Rare Diseases Symptoms Automatic Extraction

Comparison of blood pool and extracellular gadolinium chelate for functional MR evaluation of vascular thoracic outlet syndrome.

[thoracic outlet syndrome]

To compare performance of single-injection blood pool agent (gadofosveset trisodium, BPA) against dual-injection extracellular contrast (gadopentetate dimeglumine, ECA) for MRA/MRV in assessment of suspected vascular TOS.Thirty-one patients referred for vascular TOS evaluation were assessed with BPA (n=18) or ECA (n=13) MRA/MRV in arm abduction and adduction.
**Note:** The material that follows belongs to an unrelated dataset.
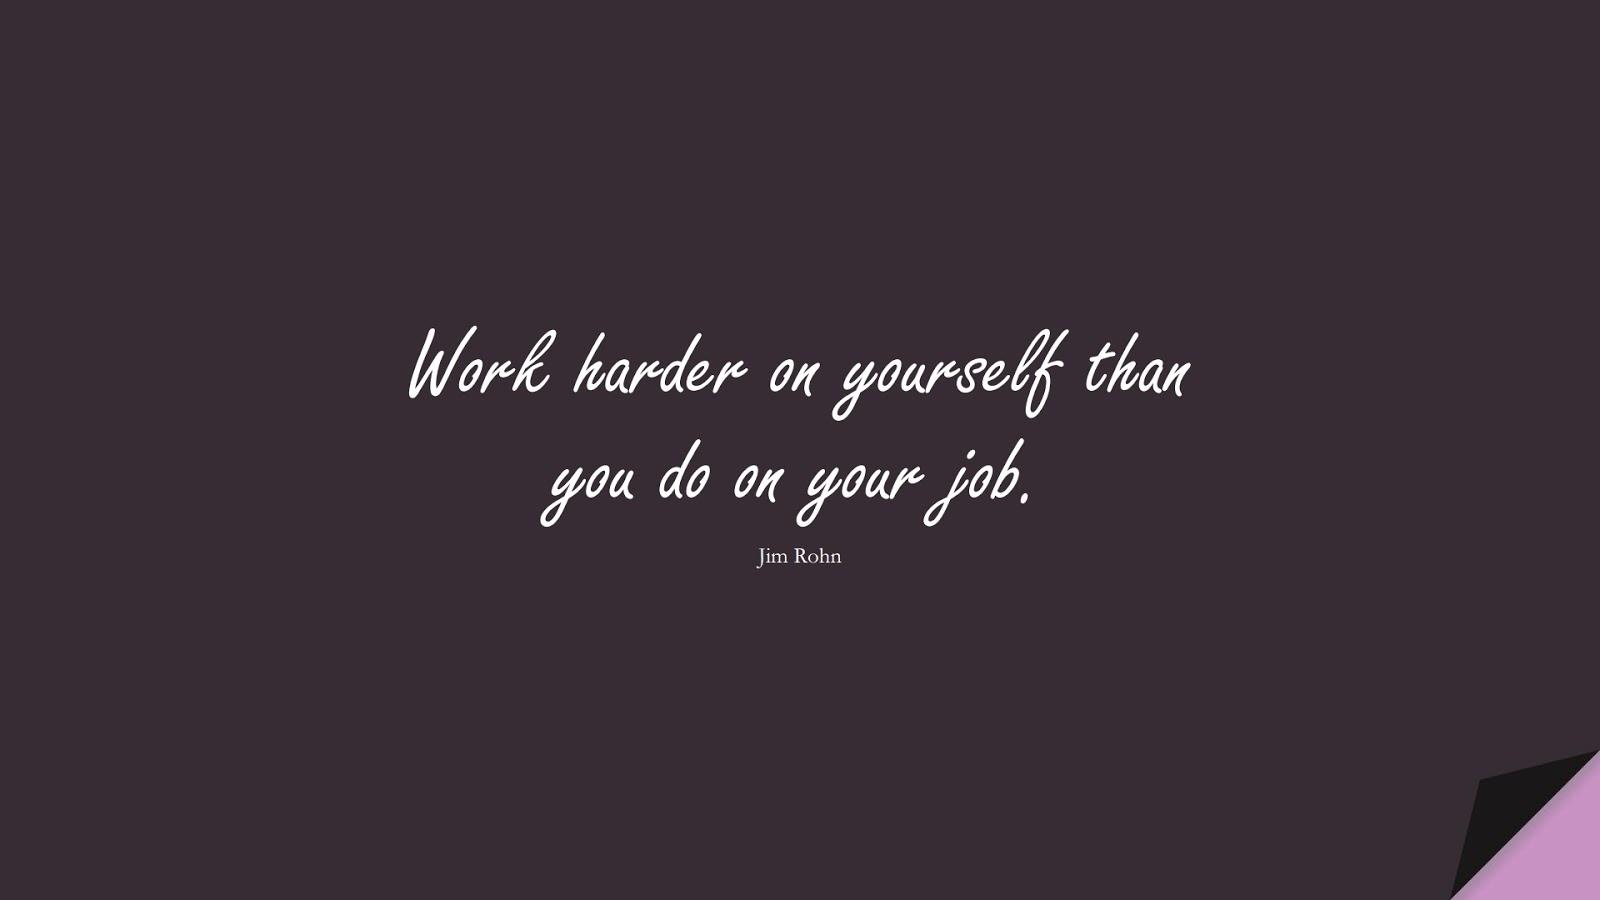 Work harder on yourself than you do on your job. (Jim Rohn);  #HardWorkQuotes
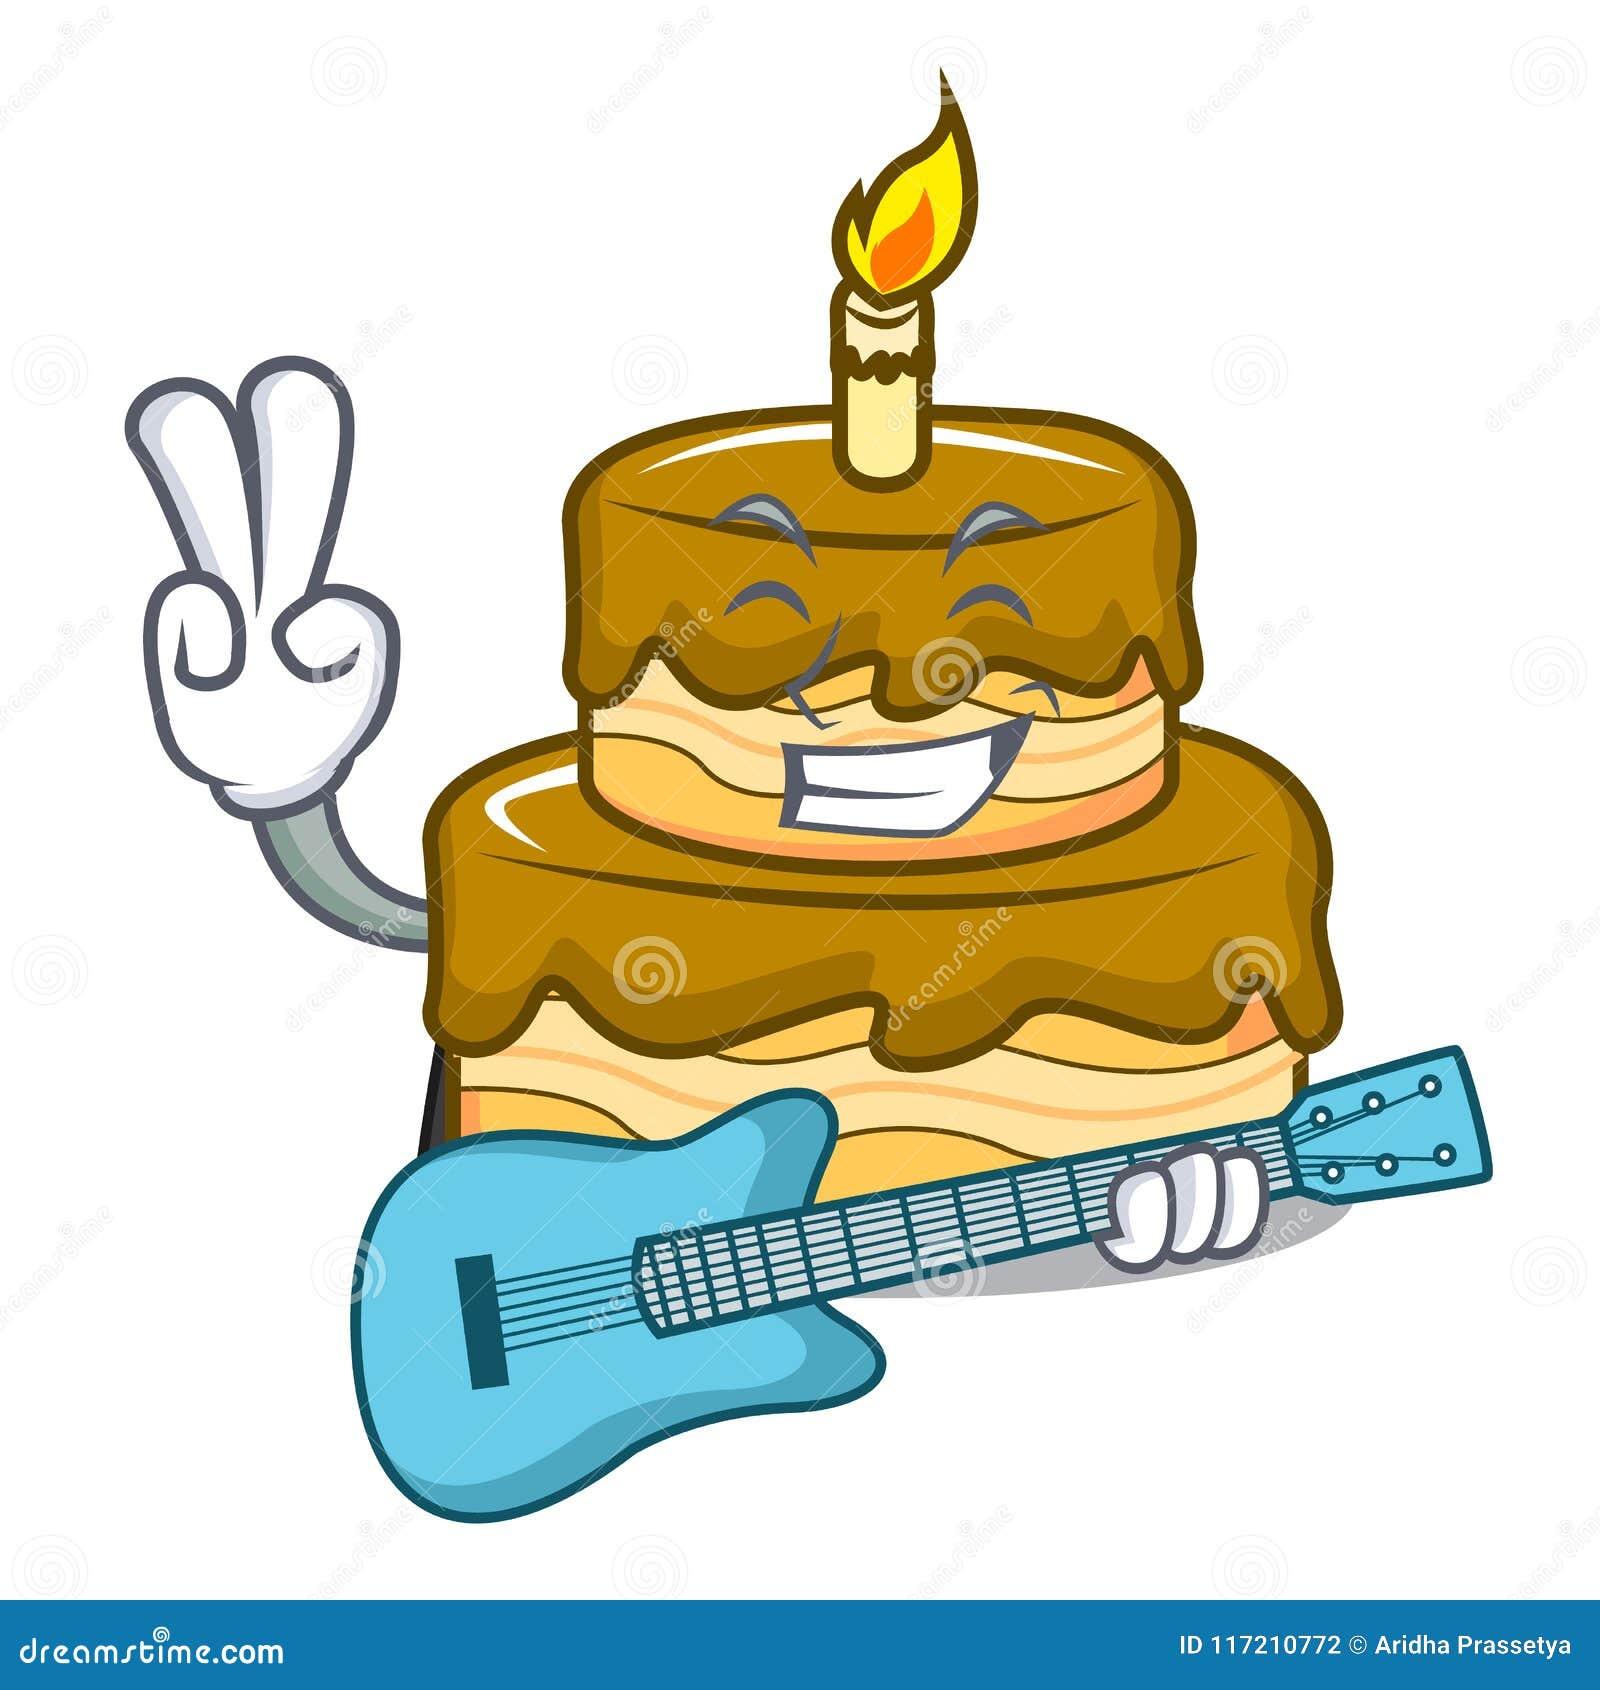 Enjoyable With Guitar Birthday Cake Mascot Cartoon Stock Vector Funny Birthday Cards Online Amentibdeldamsfinfo

Images were retrospectively assessed for: image quality (1=non-diagnostic, 5=excellent), vessel contrast (1=same signal as muscle, 4=much brighter than muscle) and vascular pathology by two independent readers, with a separate experienced reader providing reference assessment of vascular pathology.Median image quality was diagnostic or better (score 3) for ECA and BPA at all time points, with BPA image quality superior at abduction late (BPA 4.5, ECA 4, p=0.042) and ECA image quality superior at adduction-early (BPA 4.5; ECA 4.0, p=0.018). High qualitative vessel contrast (mean score 3) was observed at all time points with both BPA and ECA, with superior BPA vessel contrast at abduction-late (BPA 3.97 ± 0.12; ECA 3.73 ± 0.26, p=0.007) and ECA at adduction-early (BPA 3.42 ± 0.52; ECA 3.96 ± 0.14, p<0.001). Readers readily identified arterial and venous pathology with BPA, similar to ECA examinations.Single-injection BPA MRA/MRV for TOS evaluation demonstrated diagnostic image quality and high vessel contrast, similar to dual-injection ECA imaging, enabling identification of fixed and functional arterial and venous pathology.